Sorry for posting another overheating post. I did some tests and wanted to confirm my suspensions before buying new parts.

I got the Champion 3 row radiator with their electric fans, but I still have overheating issues at idle and low speeds on hot days (+90 deg F). I've tried putting in a 165F thermostat and water wetter, but no success.

The current electric fan has a flow rating of 890 CFM. I currently have two installed with a shroud. I read on another post that these fans don't have enough flow and should get fans that'll give me above 2500 CFM total. 

Before I buy those fans, I did some testing today. I got a cheap 20" fan and put it in front of my car to see if the extra flow will help. These are all at idle and it was about 70F outside. Since it wasn't hot outside, the car didn't overheat with the radiator fans turned on, so I initially turned off all fans to get the car hot.

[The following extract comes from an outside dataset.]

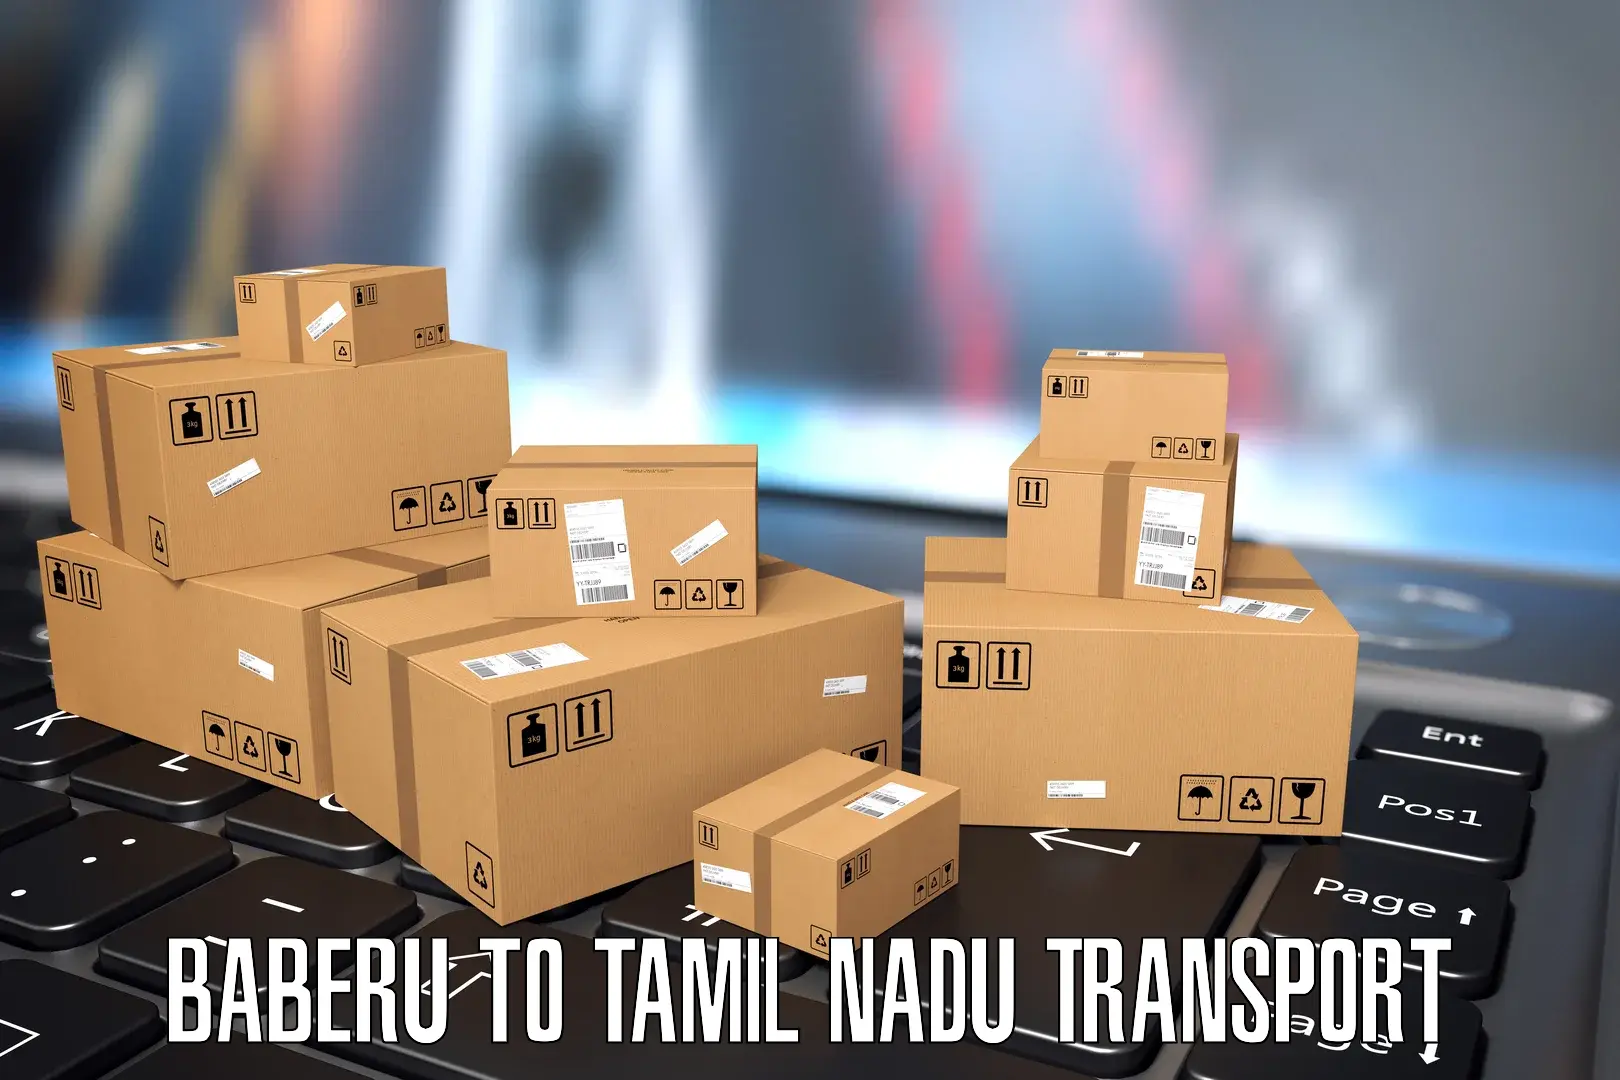 Bike transport service Baberu to Tamil Nadu

1. Idle, No fans - Temp increased to 220 F

2. Turned on radiator fan - No change in temp

3. Turned on 20" fan - Temp decreased to 190 F

4. Turned off 20" fan - No change in Temp

5. Turned off radiator fan - Temp increase to 220 F

6. Turned on radiator fan - No change in temp

7. Turned on 20" fan - Temp decreased to 190 F

8. Turned off radiator fan (20" fan still on) - Temp slow increased

9. Turned on radiator fan - Temp went back down to 190 F

 

I should do this when it's hotter outside, but from these results, it seems like a higher flow fans will help and it's not about water pump not being able to flow enough water or something else. 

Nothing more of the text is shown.